I’m going to speak more personally for this next bit, and hopefully better explain my reasons and motivations for my decision to charge for the license.

SL is my career. It pays my bills, puts food on my table, and gas in my car. I invest an extraordinary amount of time and effort into producing content that can often take weeks or months to fully realize within the constraints of SL’s engine.

Given how much effort I put into my work, I want to get paid for that effort. After all, I don’t run a charity. I run a business and as Google used to once declare in their corporate statement, ‘A company can make money without being evil’.

The Direwolf marks the first time I’ve made something like a Dev kit available, and in doing so, I’ve put a lot of that power into people’s hands and I have to trust that they’re going to do the right things with it. Contracts go a long way toward keeping people honest, and for those who are, essentially, profiting off my work, to sort of pass some of that back up.

These files are incredibly potent. If someone really wanted to, and I mean really wanted to, they could completely nullify my product by releasing their own using my files. That’s scary to think about.

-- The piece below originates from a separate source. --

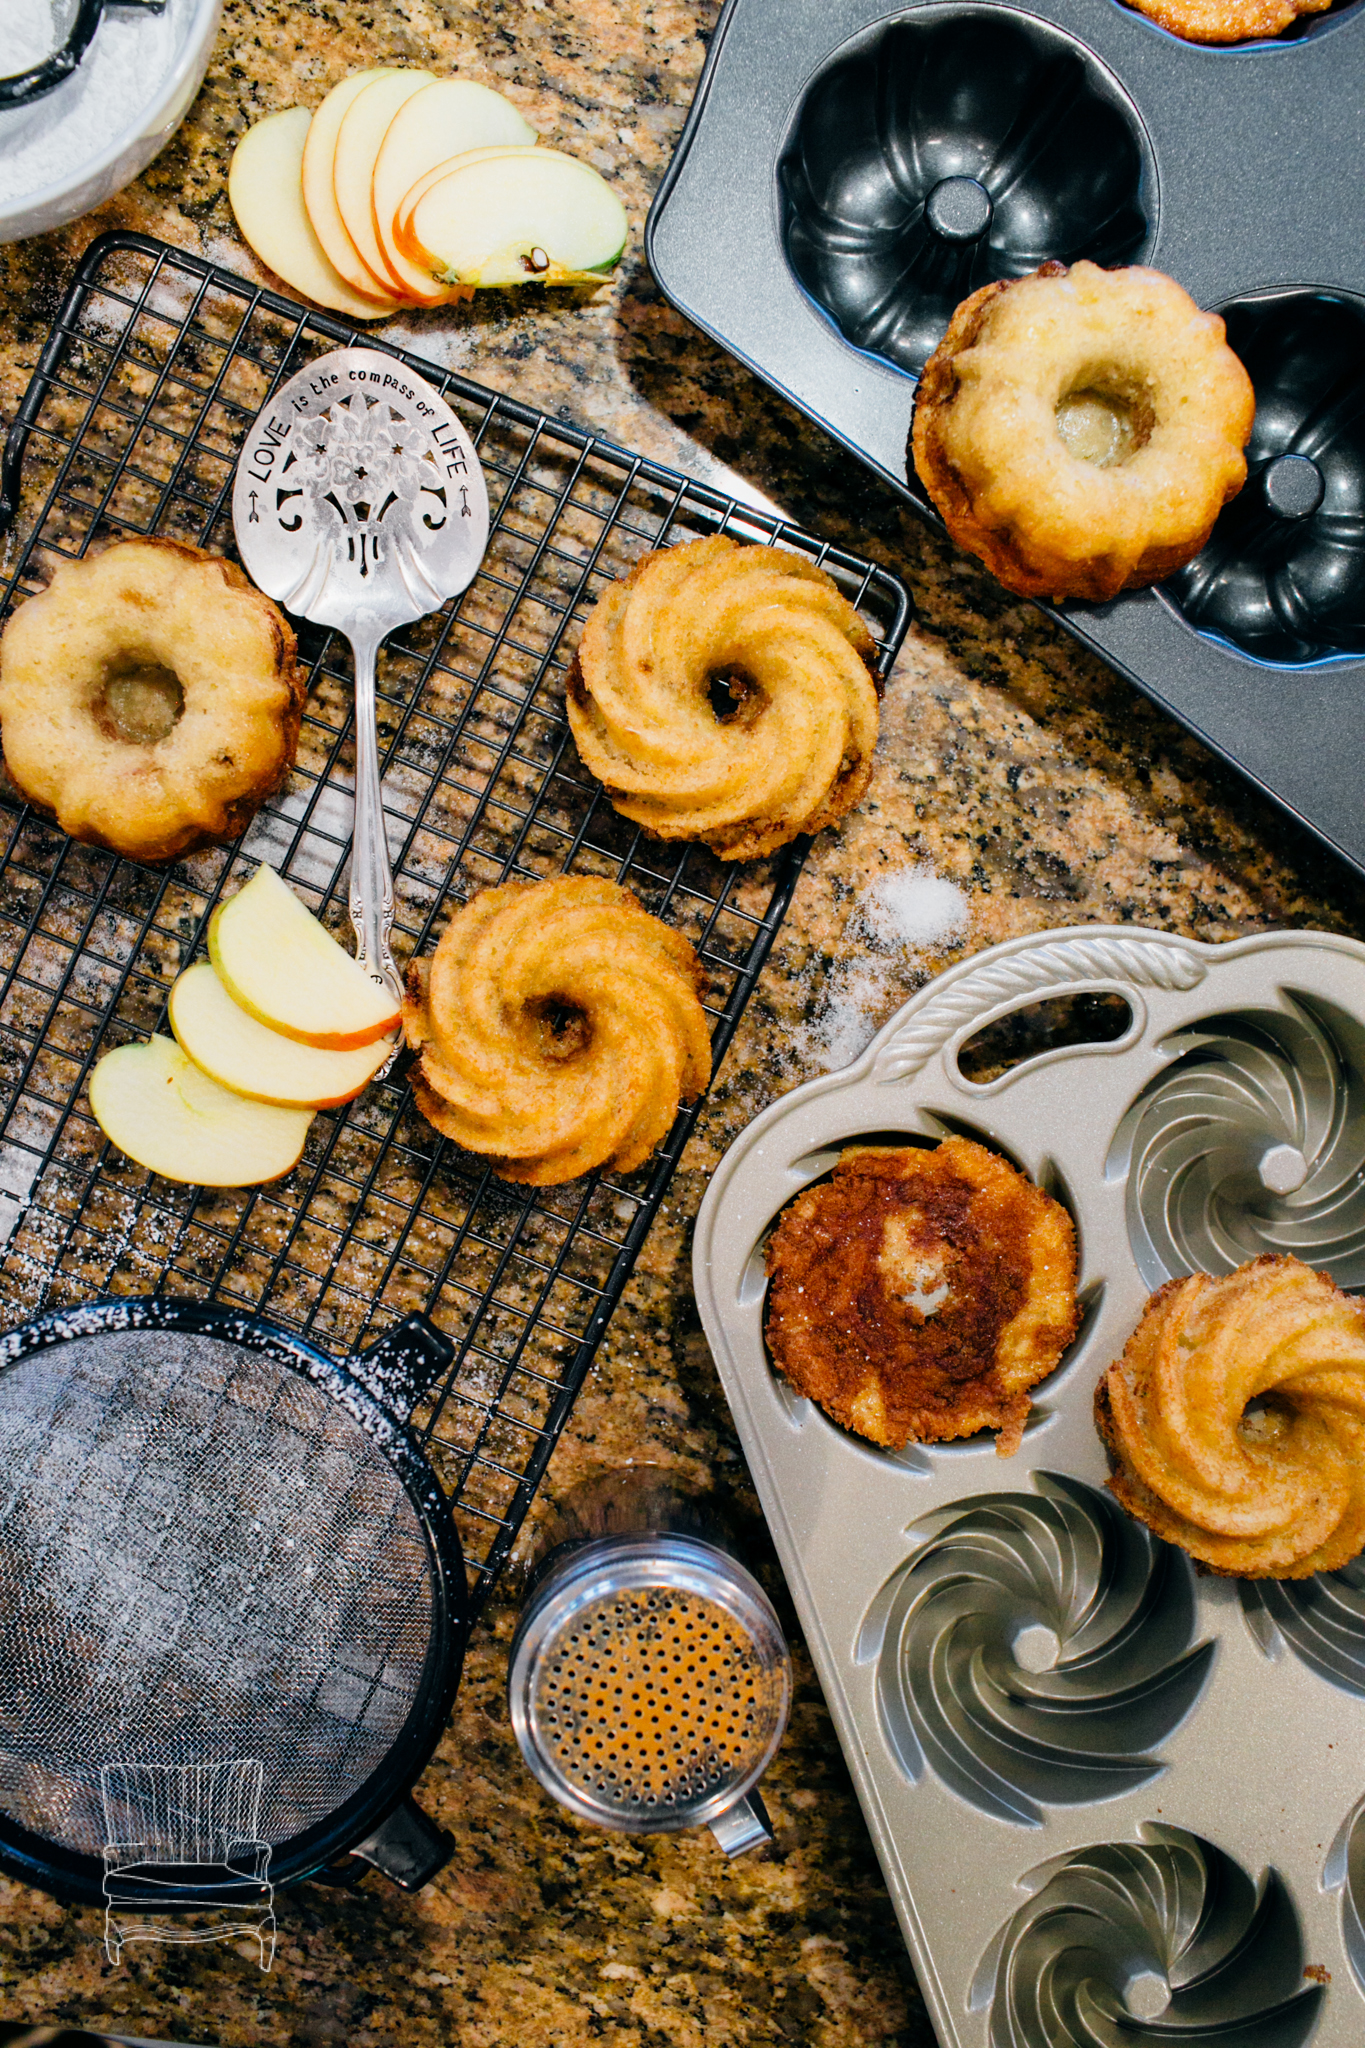 bellingham-seattle-marketing-food-photographer-dessert-slice-of-heaven-3.jpg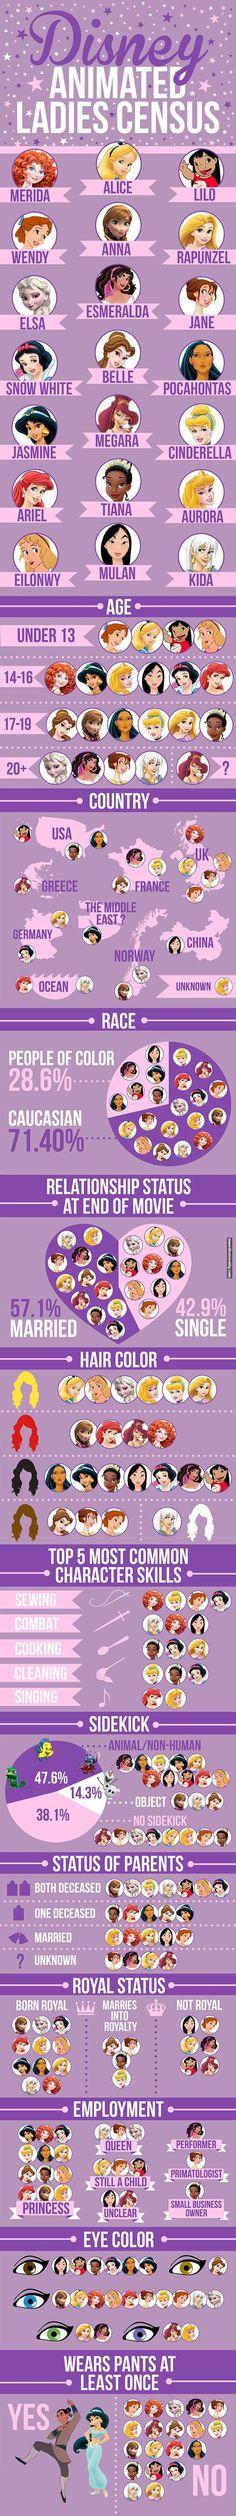 Disney princess statistics

Lastly, I’ve always prided myself in being a teacher. Whenever someone approaches me asking how I do what I do, I do my best to answer their questions–Because I believe creativity is a super power. But I also believe that as people, we can never truly learn something until we’re right there in the thick of it. No one’s going to learn anything if they have all the answers given to them from the back of the book–They spend more time finding shortcuts rather than trying to learn a meaningful skill. This isn’t true for everyone, but it is for the great majority of the modding content I’ve seen on the market–So little of it does anything ‘meaningful’ or ‘transformative’ to the initial product(and Maybe its not meant to And that’s fine), But I often ask myself ‘what could they have achieved if they’d pushed themselves a bit further?’

That mentality kept me from providing any kind of dev files for many years–Because I felt like i was doing people a disservice by giving them all the answers, rather than helping them learn which questions to ask. But people don’t want to learn anymore. So many modders and buyers come to me with the mentality that they want all the guess work and hard labor done for them so they can swoop in and make a quick buck.

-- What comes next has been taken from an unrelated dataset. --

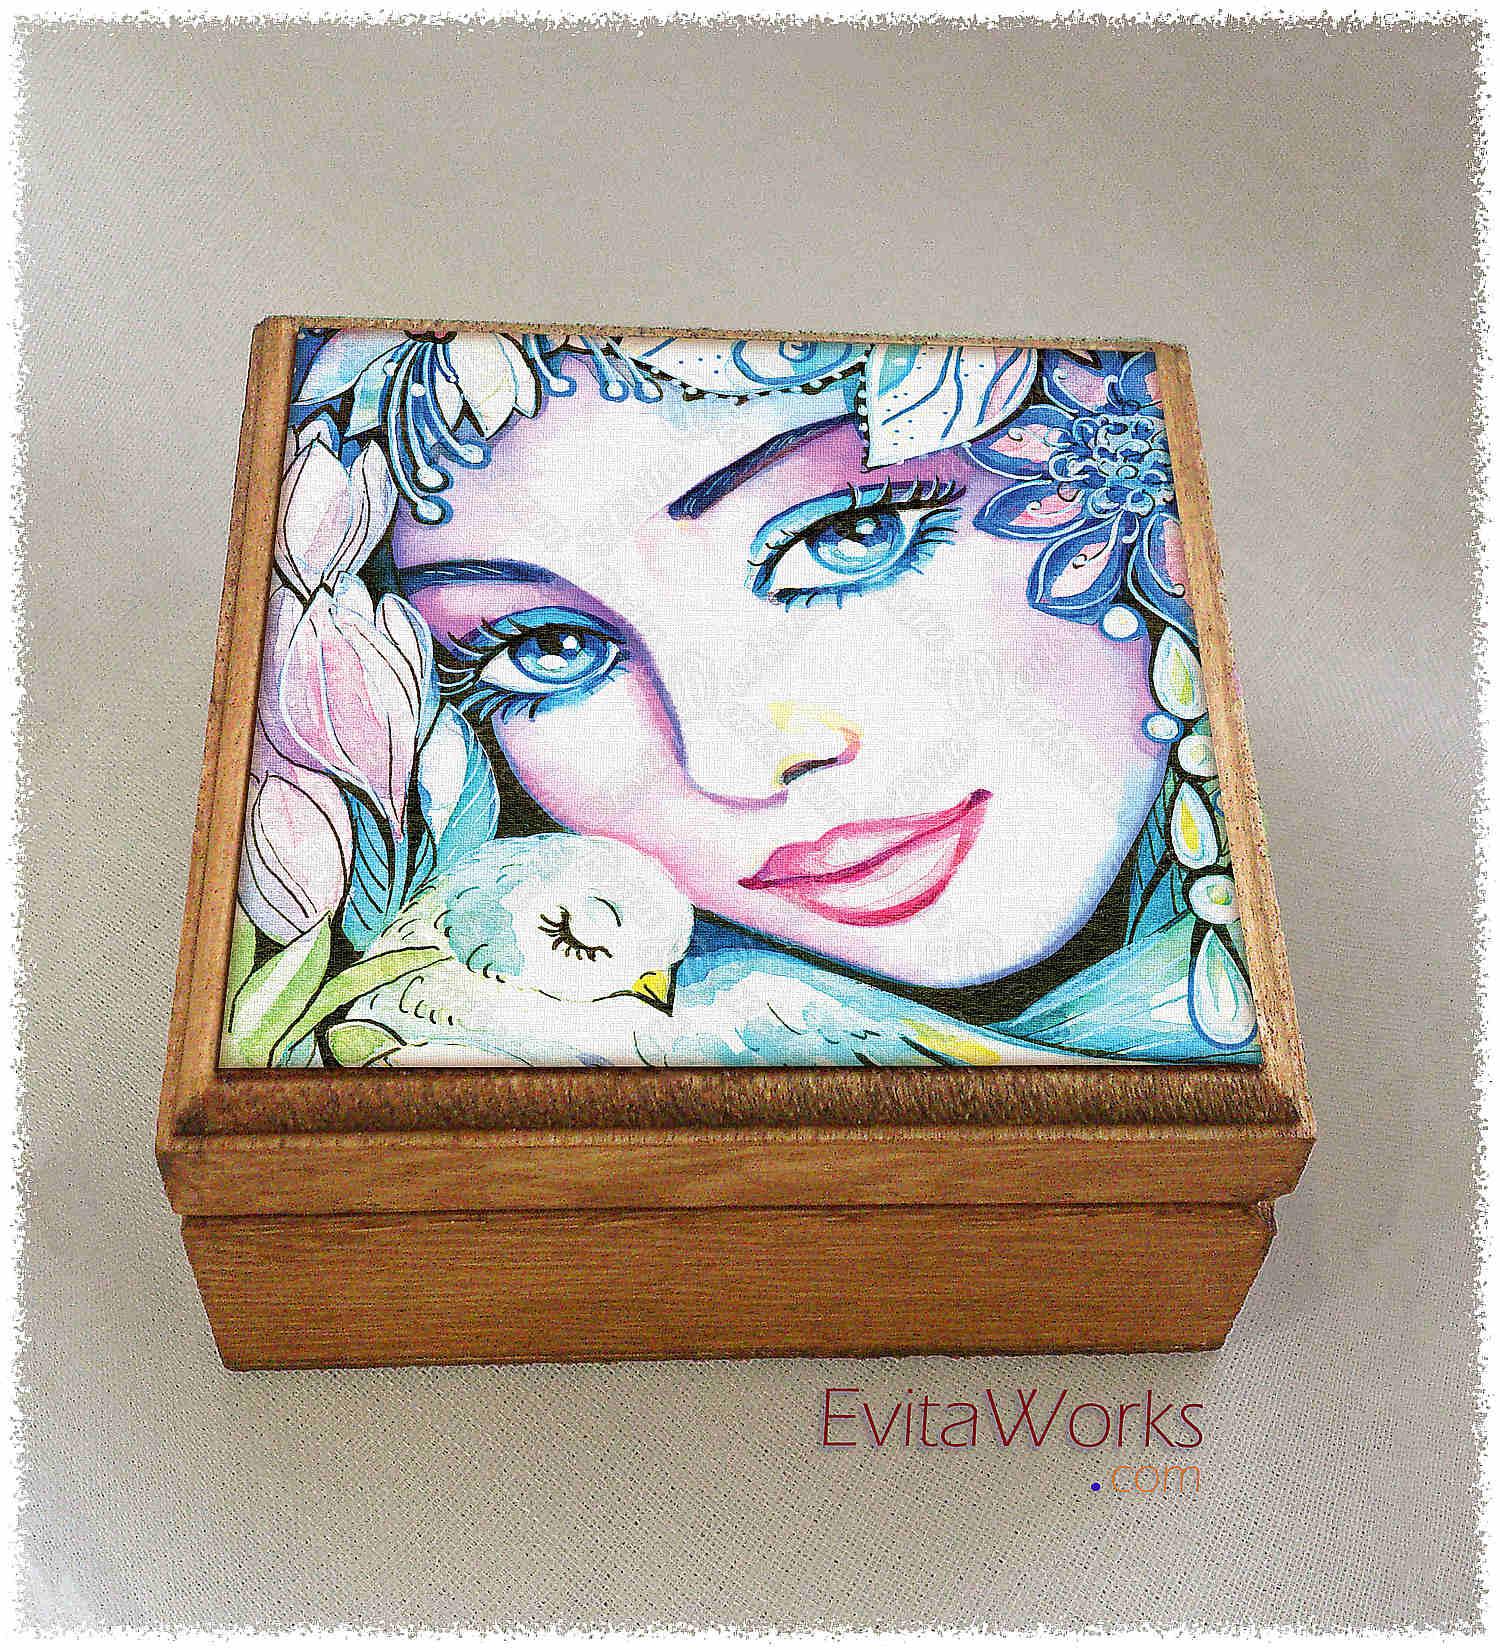 Exotic Visage 04 Boxsq ~ EvitaWorks

Mods do wonders for the lifespan of a creation. Just look at Minecraft or Ark for example. Games that have long since outlived their due date thanks to a robust aftermarket community–Which mind I remind you, wouldn’t even exist without the contributions of first party content creators.

Its a two way street, and if we’re all expected to share the road, there’s some ground roles to follow, at least for me.

The Direwolf is a huge project, and I still feel very justified in every penny I’ve charged for this Dev kit. Being told its ‘not worth it’ or ‘a rip off’ or having people tell me that ‘I’m threatening modders’.. It just makes me ask why i even bothered trying.

Lets take a moment to look at Avastar. If you’re a blender user, chances are you either use, or at the very least, have heard of Avastar. Its become the de-facto plugin for Second Life rigged Content creation. Years ago they sold their plugin with a one-time fee, but eventually had to switch to a yearly renewal model.

This made a lot of people upset, some going as far as saying that Avastar/JASS were ‘gatekeeping’ the 3D market, completely ignoring the fact that Rigged content was entirely possible without Avastar, They don’t HAVE to buy it, but it makes things significantly EASIER.

Gaia and co do incredibly enormous amounts of work to produce Avastar, and Honestly I’m just happy they’re willing to license it out to people. I’m happy to pay for it because it means they get to keep their lights on and put food on their table. Charging for it is absolutely within their right, as it is mine to charge for what essentially amounts to the keys to my castle.

If you still don’t see at least some logic here, then I can’t help you.